Copy the data exactly from the line that contains "Hugs all around in the 805!" through the line that contains "Salt Water Divas", keeping both end lines and leaving out everything else.

*Data records*.
════

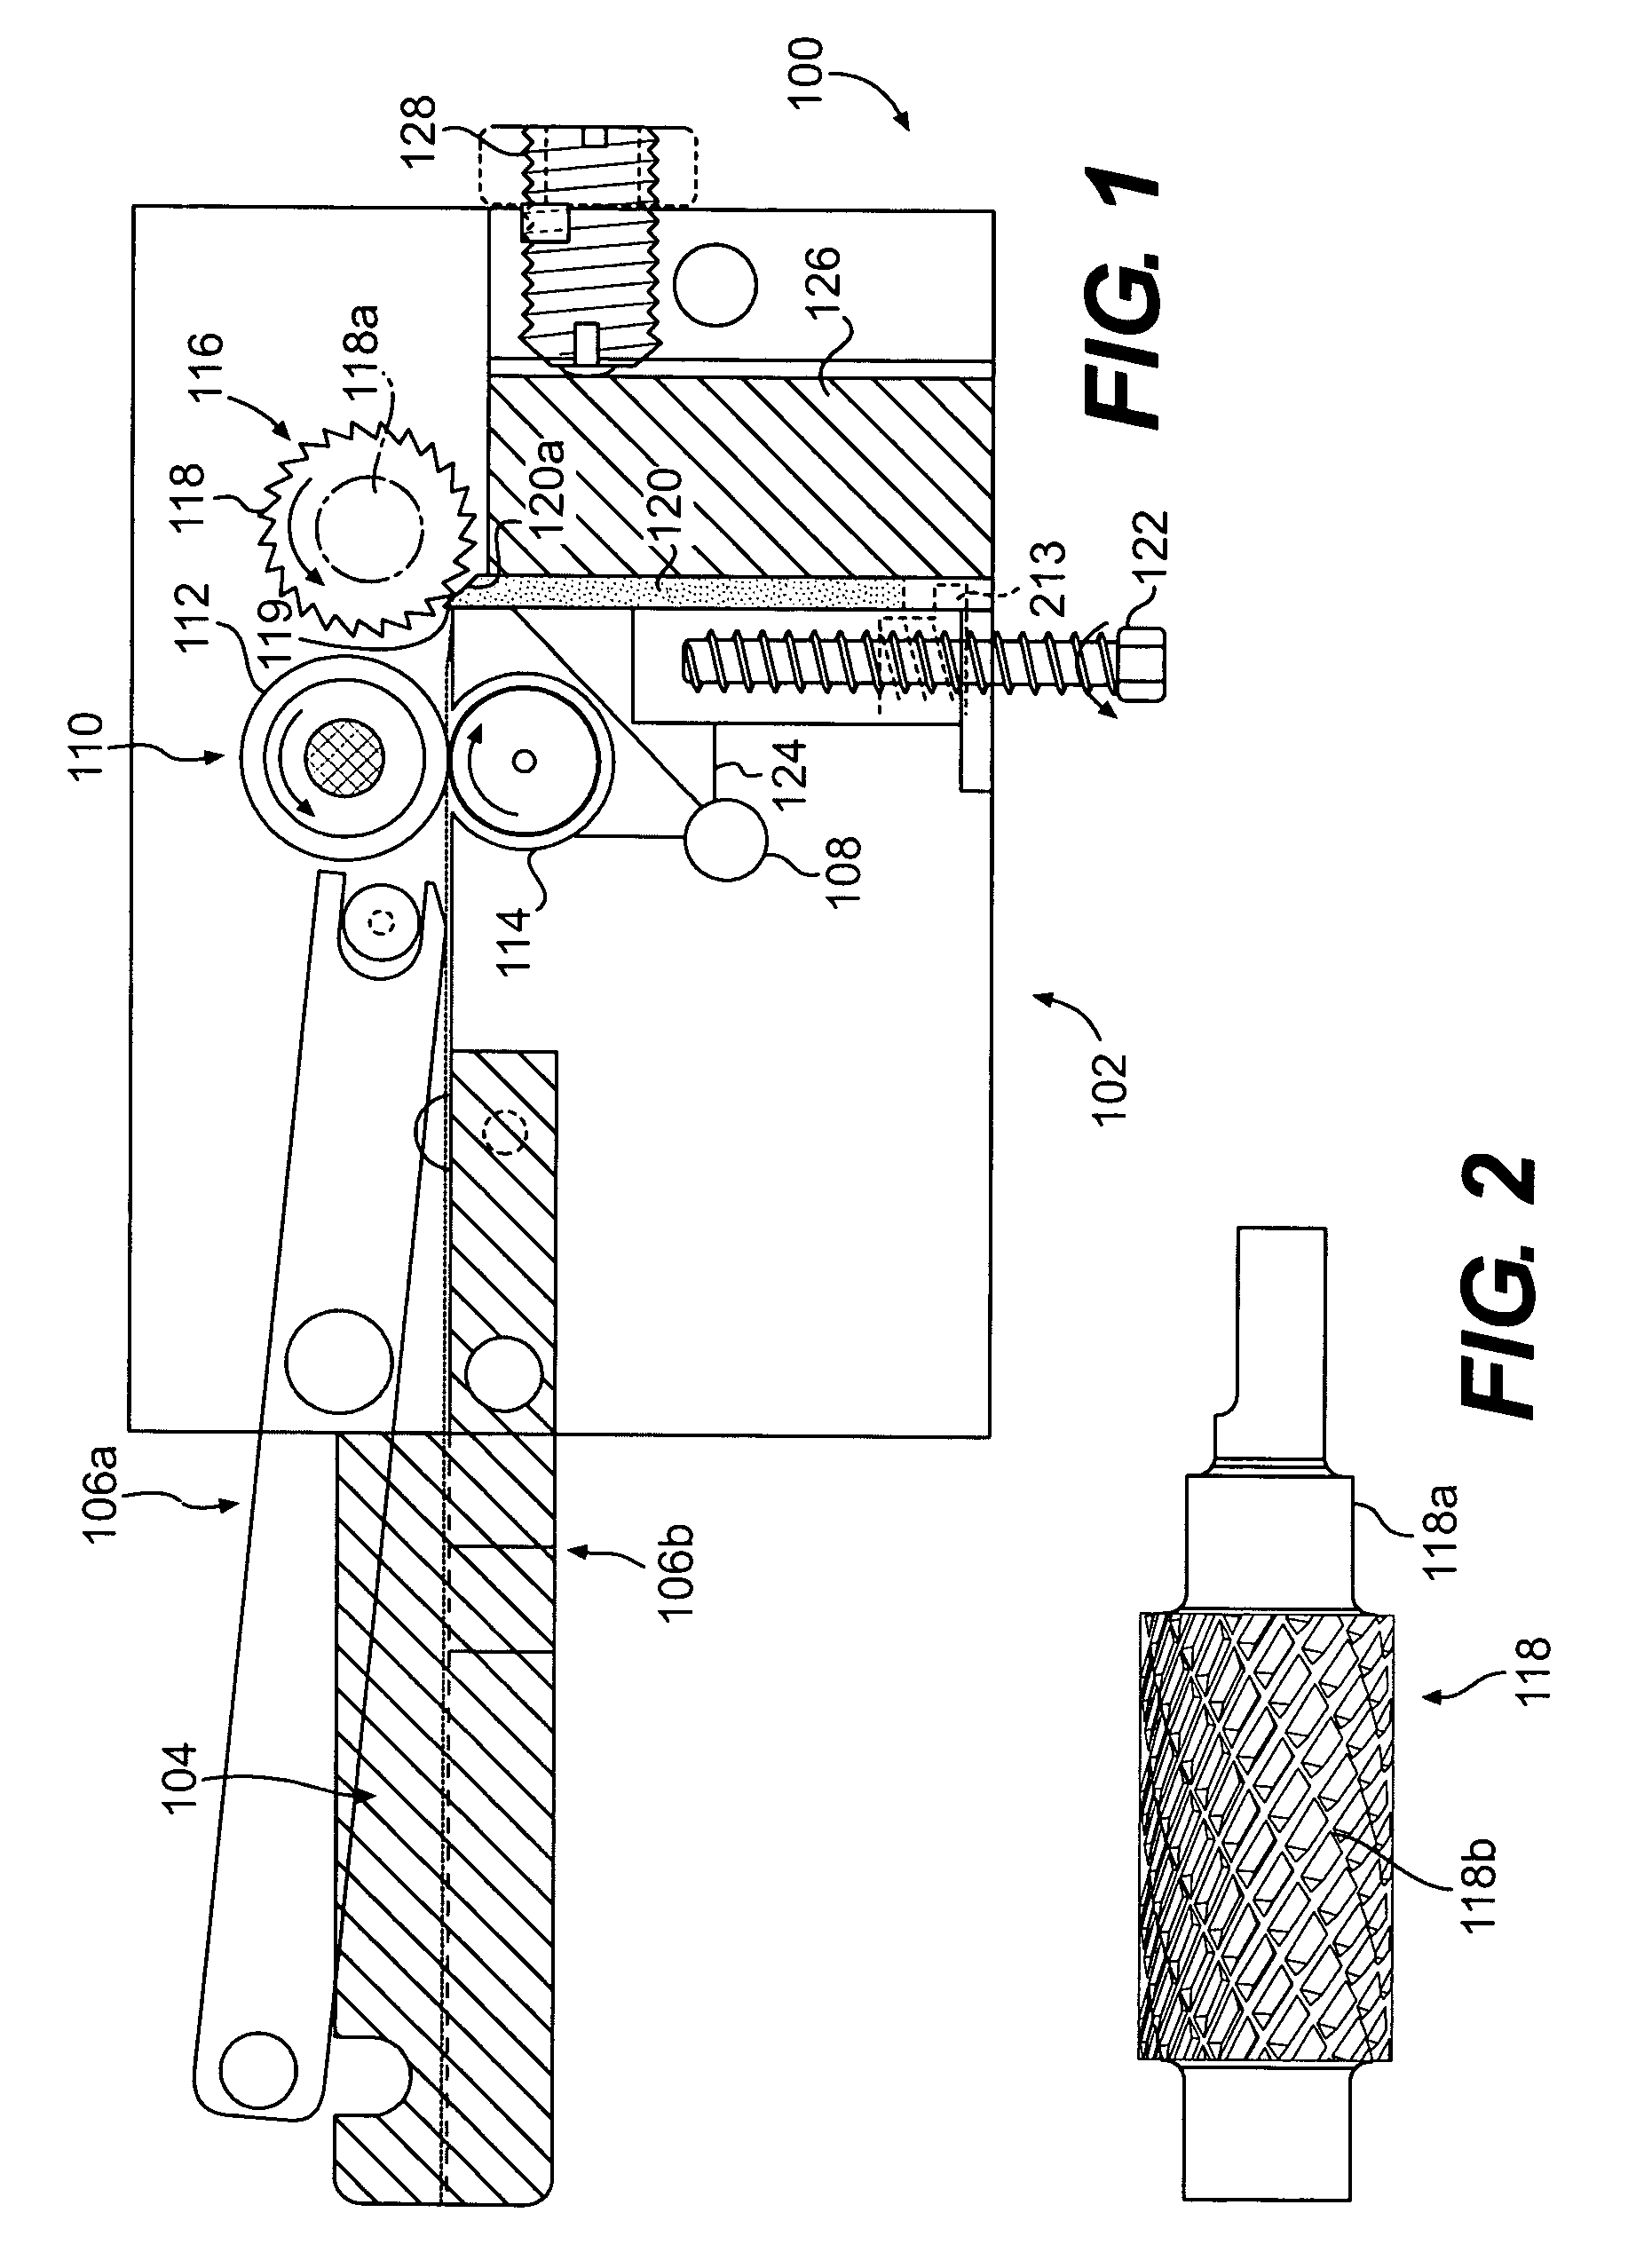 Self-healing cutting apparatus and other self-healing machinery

════

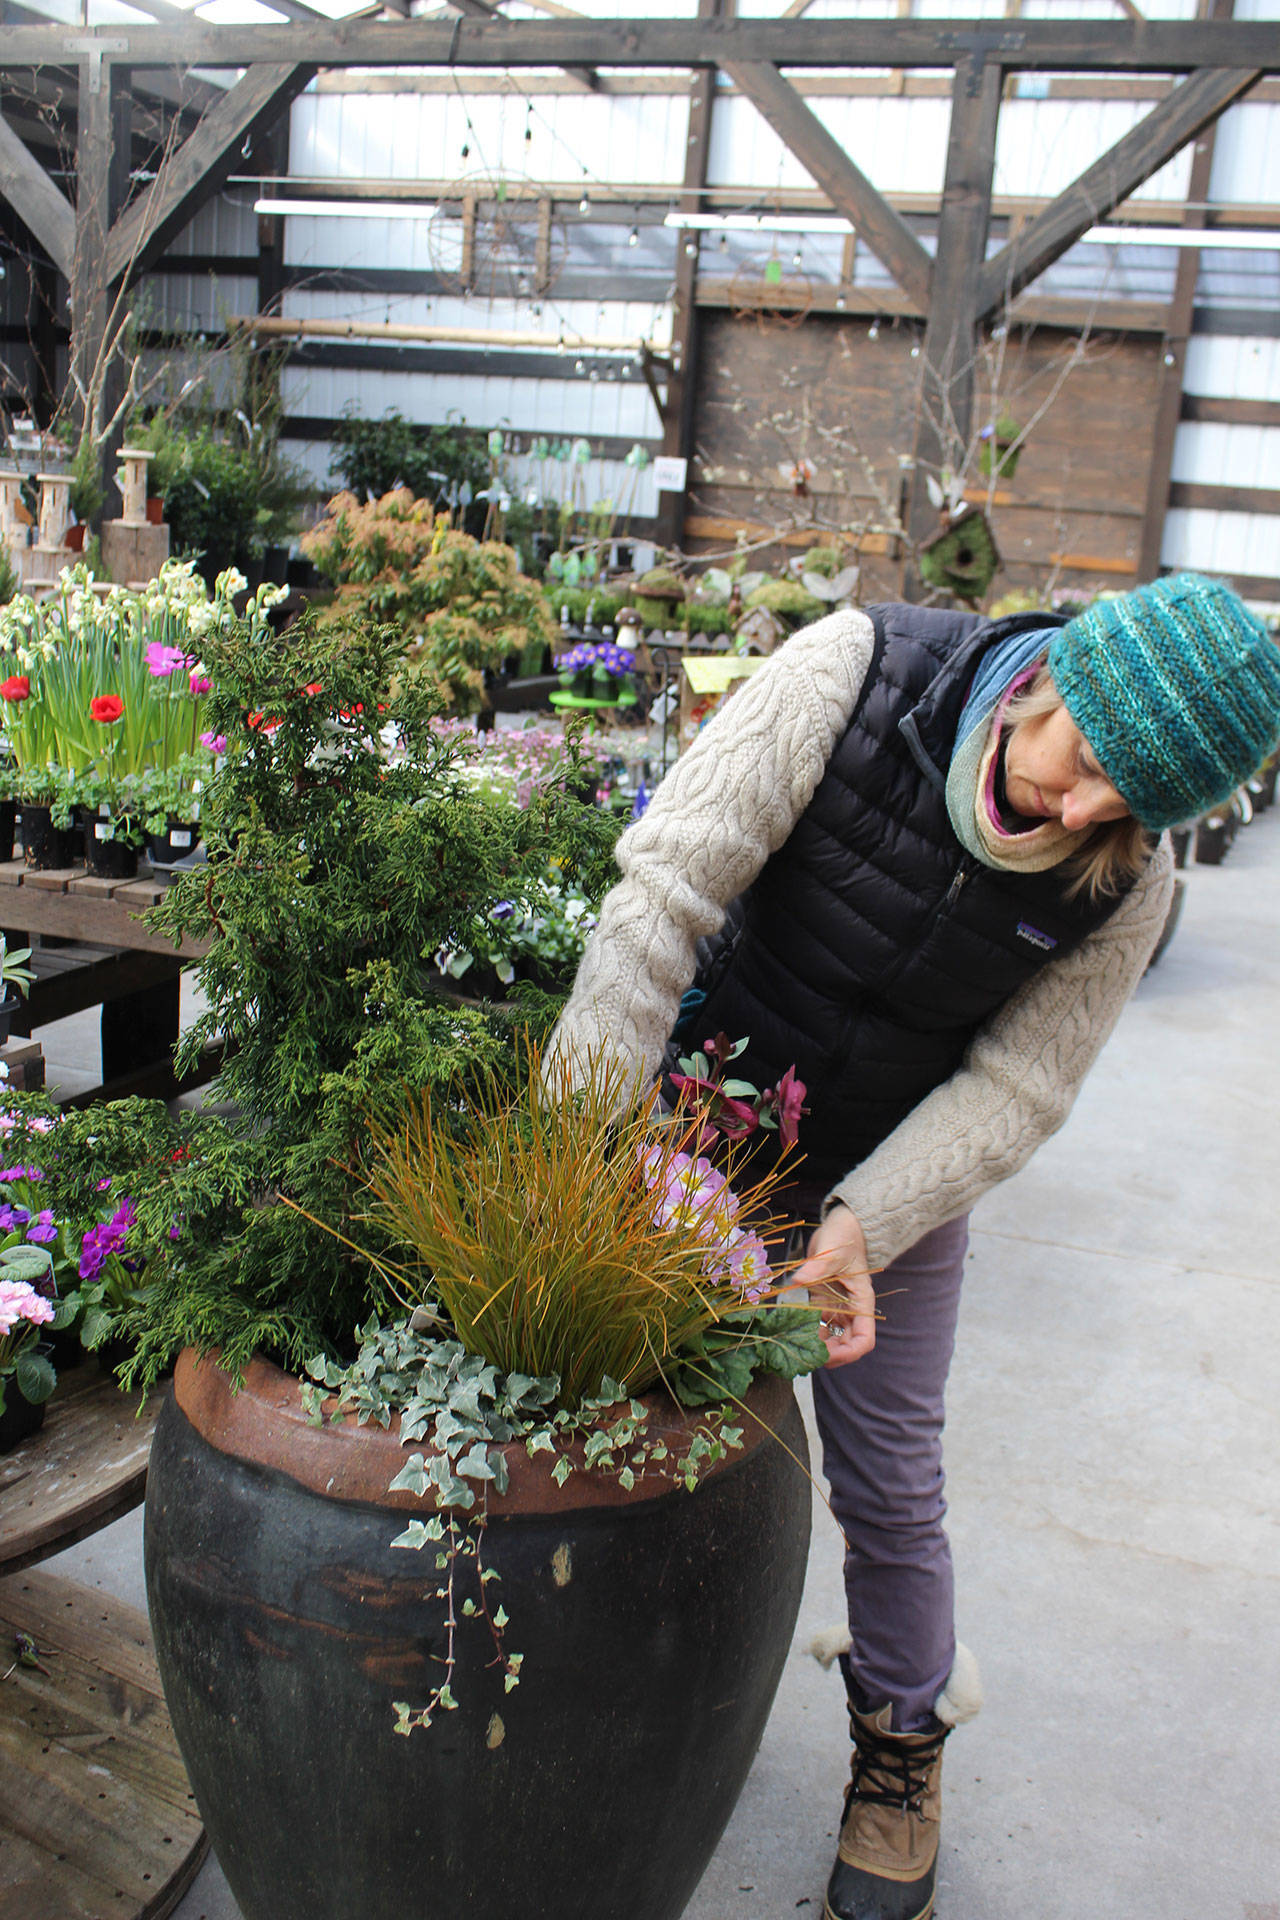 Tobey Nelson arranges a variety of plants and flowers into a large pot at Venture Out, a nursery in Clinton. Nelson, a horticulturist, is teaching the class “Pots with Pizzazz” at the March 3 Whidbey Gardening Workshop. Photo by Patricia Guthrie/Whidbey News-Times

════

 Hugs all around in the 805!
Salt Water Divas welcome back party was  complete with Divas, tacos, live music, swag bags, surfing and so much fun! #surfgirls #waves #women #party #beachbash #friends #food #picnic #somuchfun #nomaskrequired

════

*Worked solution*.
 Hugs all around in the 805!
Salt Water Divas welcome back party was  complete with Divas, tacos, live music, swag bags, surfing and so much fun! #surfgirls #waves #women #party #beachbash #friends #food #picnic #somuchfun #nomaskrequired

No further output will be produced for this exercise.